Keith Weinbaum stood the standard FAIR adoption model on its head: He introduced FAIR and cyber risk quantification to executives at Quicken Loans by applying it to risk scenarios they understood already from the mortgage business, and with that acceptance in hand moved on to using FAIR in enterprise risk management, and finally cyber. Keith gave a presentation at the 2019 FAIR Conference "Case Study: Scoping Enterprise Risk Assessments." “At a very high-level concept, the probable frequency and the probable magnitude of the loss [from FAIR] are not just an information security thing, that’s in anything,” Keith explains. Hear about his unusual FAIR journey in this video or read the transcript below.

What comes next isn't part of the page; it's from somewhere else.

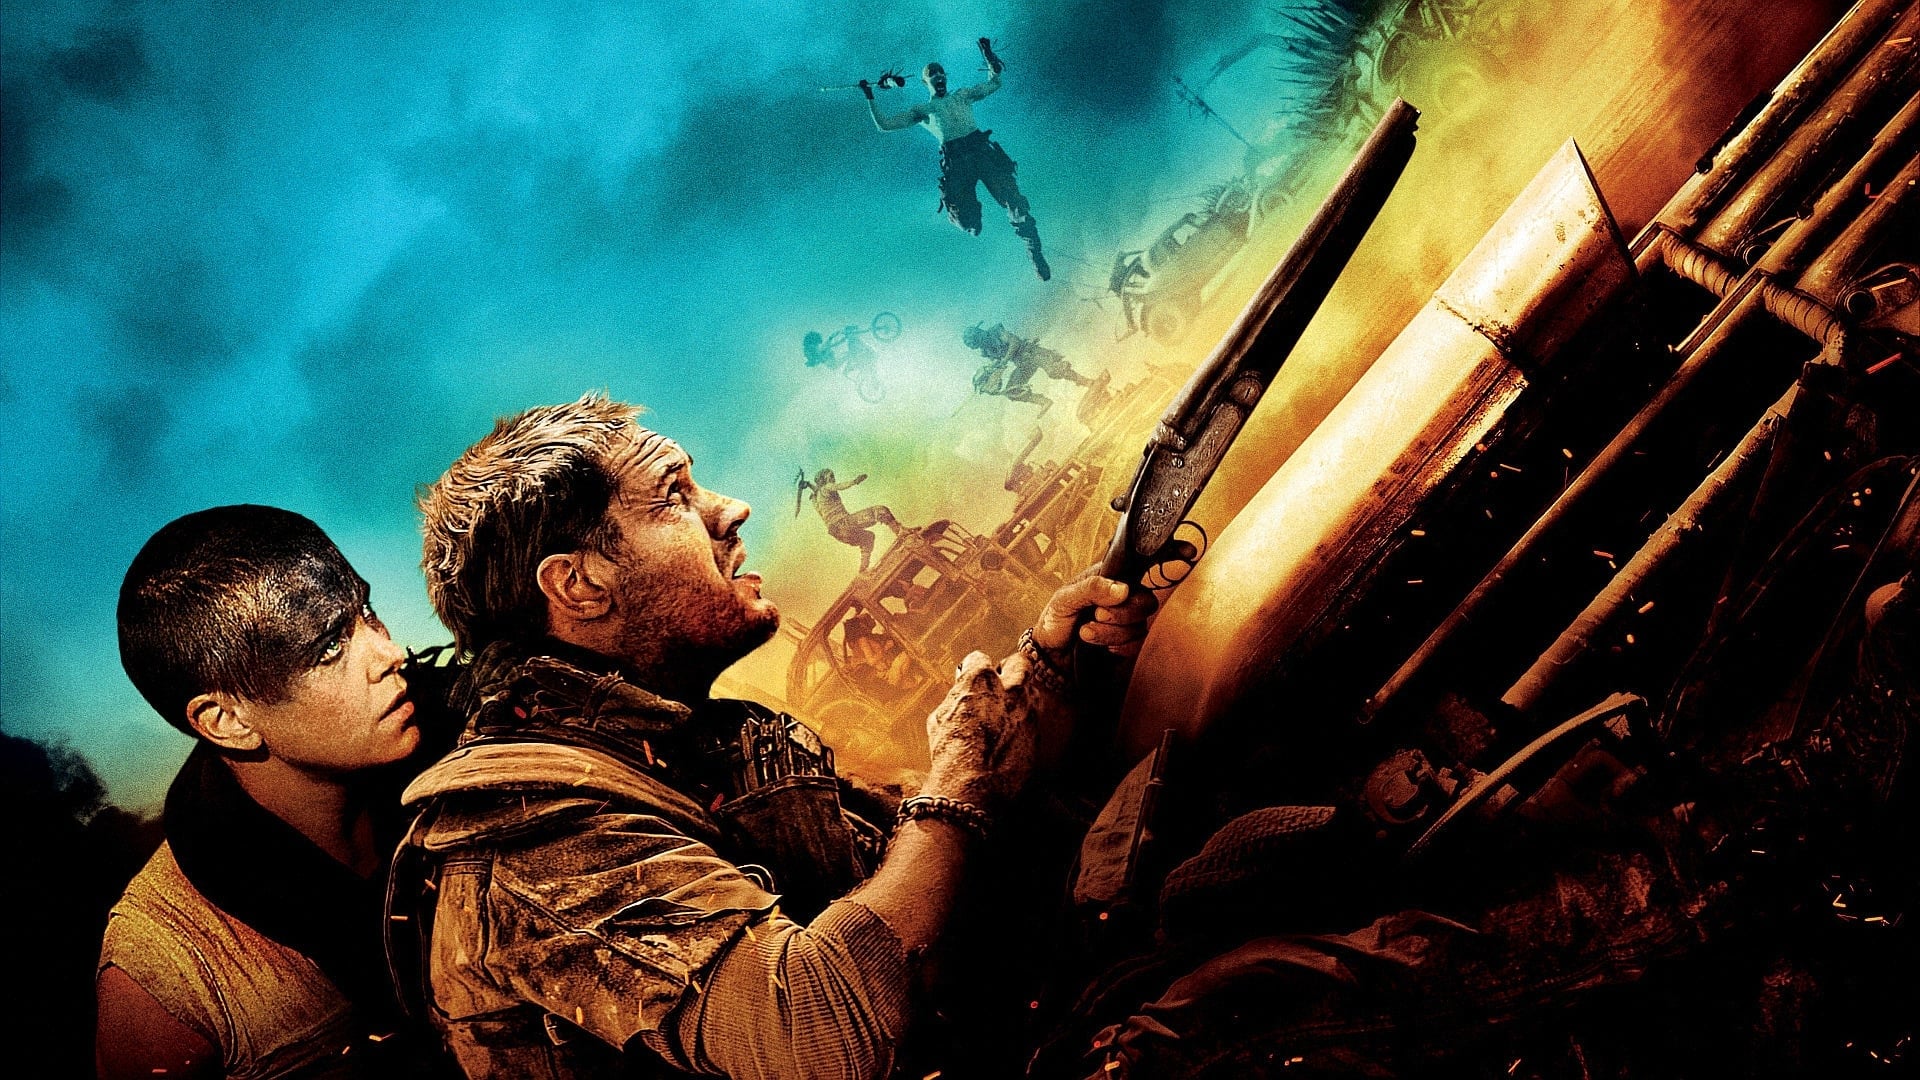 Image du film Mad Max : Fury Road - Black & Chrome nddyl7bcazob7zvy8vxbycls4ssjpg

Meet more members on the leading edge of risk management: Join the FAIR Institute (it's free).
What’s the appeal to you of FAIR?
The appeal to me is to communicate in business language, in the language that the highest decisions makers at my talk, which is in dollars. A forecast of future loss that we are exposed to, so that they can make more informed decisions on how we could ahead and address that.
What did you find in trying to explain FAIR and promulgate it in your company?

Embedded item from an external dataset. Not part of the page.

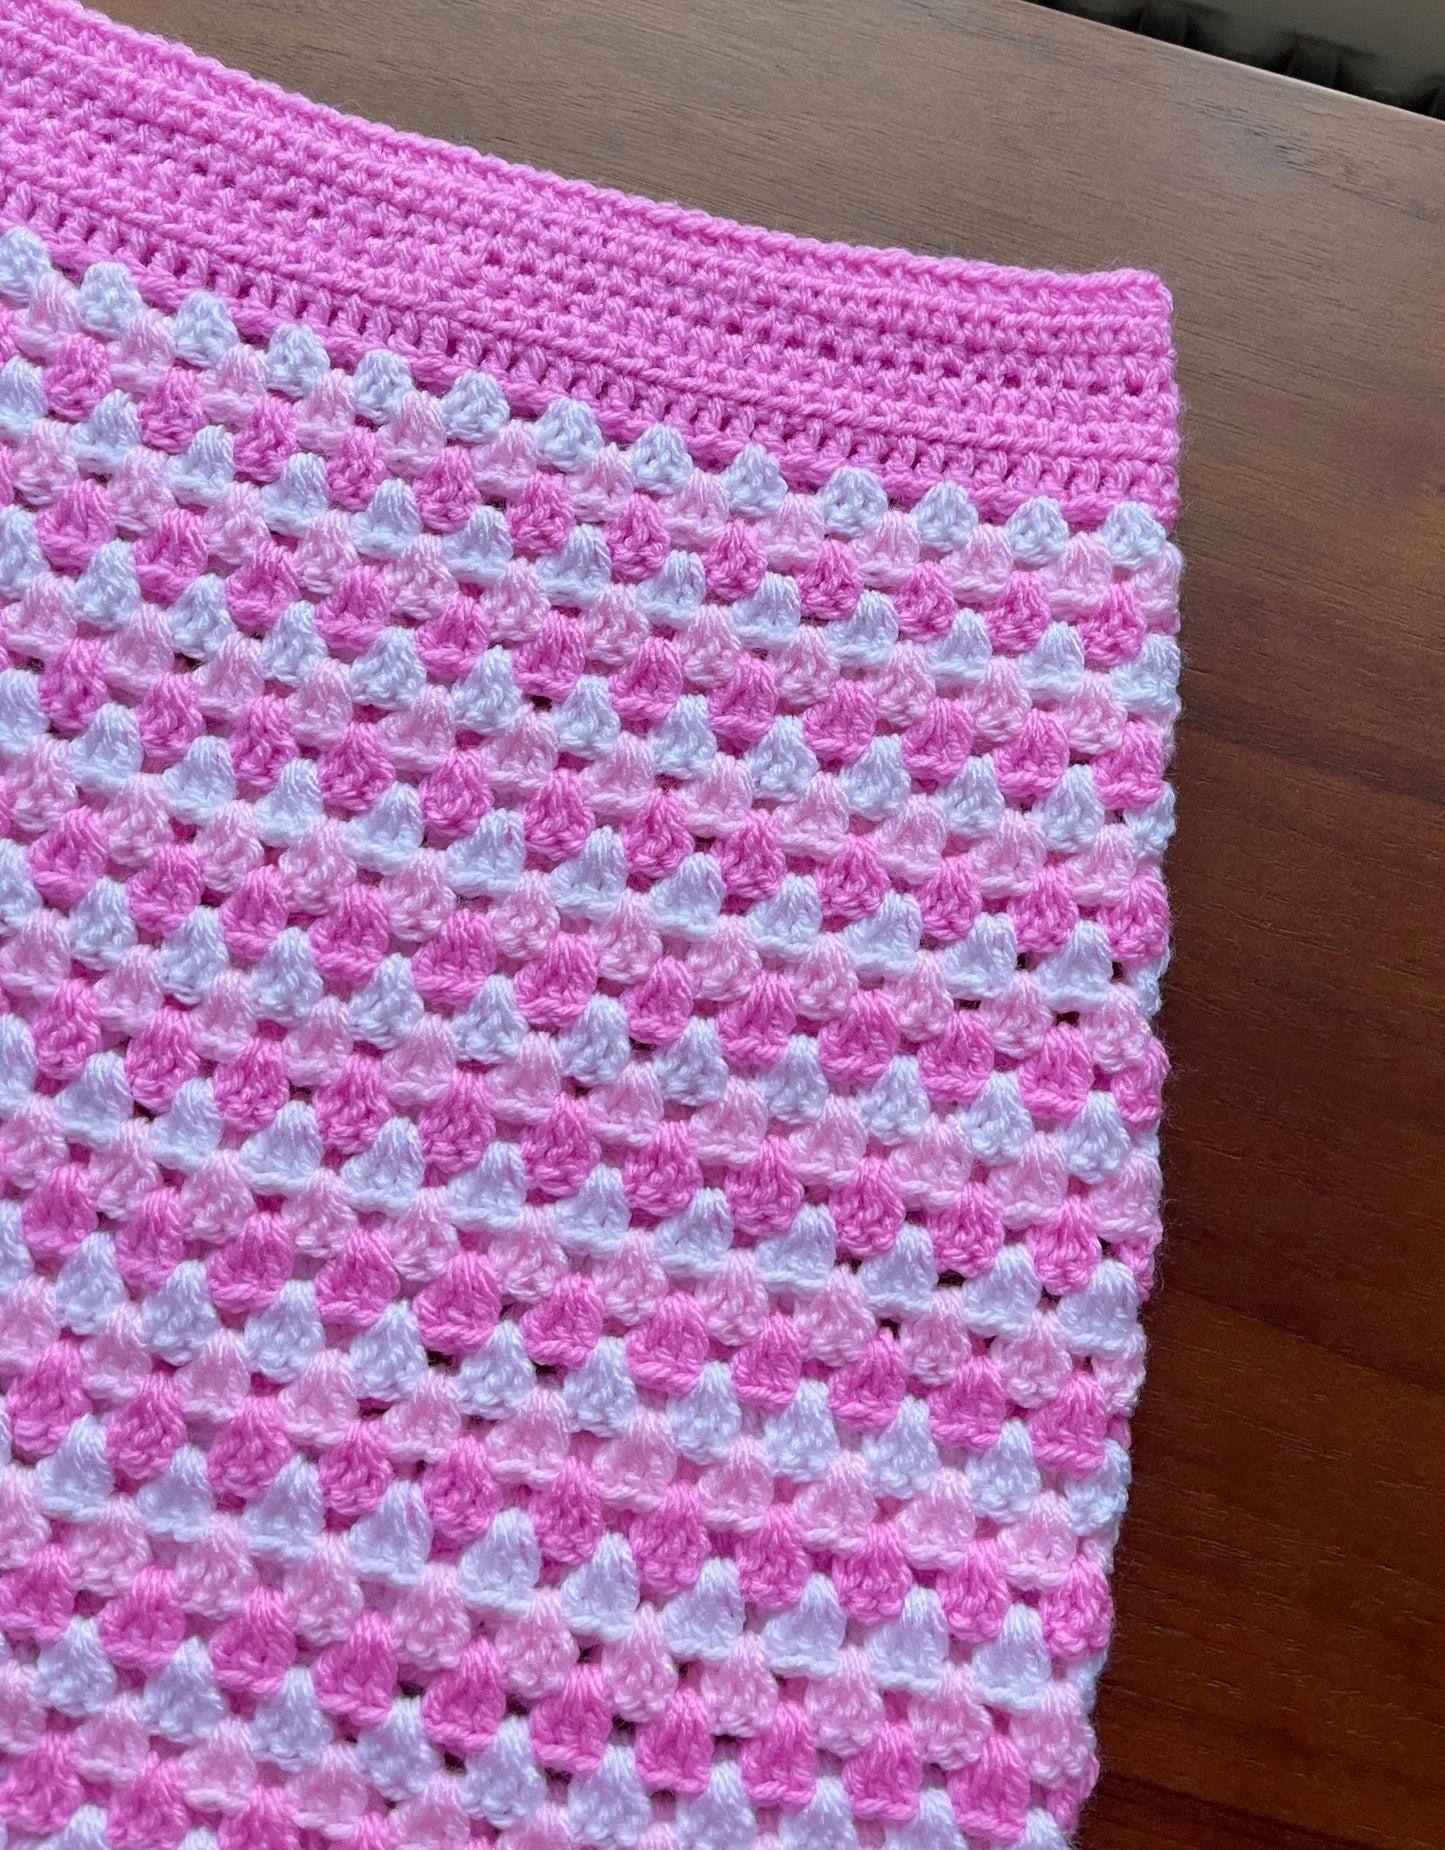 Handmade retro crochet mini skirt in pink and white

It was interesting at first. It didn’t go so hot at first. People saw these numbers, these dollar amounts and they were like ‘where the heck did this come from?’ Which I understand is somewhat regular in the industry. So, it took some time to get them into it. It took some analyzing of scenarios that our executive audience was very familiar with.
In our particular case it’s the mortgage industry. So instead of focusing on analyzing scenarios that had something to do with information security, which was my domain at the time, instead focused on stuff that had to do with the mortgage industry. So, the understood that domain of knowledge. Then we could overlay risk-related numbers on top of that, which they also understood – the language of dollars. That helped them get on with it.
Explain this a little more. Were these cyber scenarios or not?
Initially, they were not cyber scenarios. They were mortgage related scenarios. They were scenarios on, if we mess up the underwriting of a loan, are we going to have to repurchase that loan somewhere later on, incurring a significant amount of loss.
That’s fascinating. Did they have other models they were using that you were competing against, so to speak?
Not that I’m aware of. They probably did their best to do some forecasting, but they weren’t using some of the fancier techniques that I enjoy in FAIR, such as Monte Carlo scenarios.
From that start, how did you migrate it into cyber in a way that made sense to them?
It actually took a while. It just so happened that even though I was heading up the information security team at the time, and I was going down the FAIR track, it just so happened that the company was looking to set up an enterprise risk management function. So that was the genesis. I raised my hand to kick off that function, to build it, just like I did with information security about 10 years prior.
So, we actually leveraged the fact that we had to build an enterprise risk management function in the company in order to wiggle our way in from a FAIR perspective. And then eventually, probably about a year later, we finally started to focus on cybersecurity risk.
What an interesting evolution. It’s kind of like the reverse of what everybody else is looking for. So how did you make FAIR work with ERM?
I had a few great people I was lucky enough to work with in this particular journey, and one of those people trained me on FAIR, so we were able to say ‘How can we apply the methodology that FAIR has originally focused on, which was cybersecurity and how could we apply that more generally?’ At a very high-level concept, the probable frequency and the probable magnitude of the loss is not just an information security thing, that’s in anything.
So, where are you looking to go with FAIR next?
We’re looking at getting closer to an automated way of getting estimates for the risk factors that ultimately tie to the risk scenarios that we’re ultimately measuring risk on.
What does that mean exactly?
For example, with vulnerability management, to be able to automatically calculate the risk results to help the folks in IT prioritize what are truly the vulnerabilities that we need to address first out of a sea of many different vulnerabilities.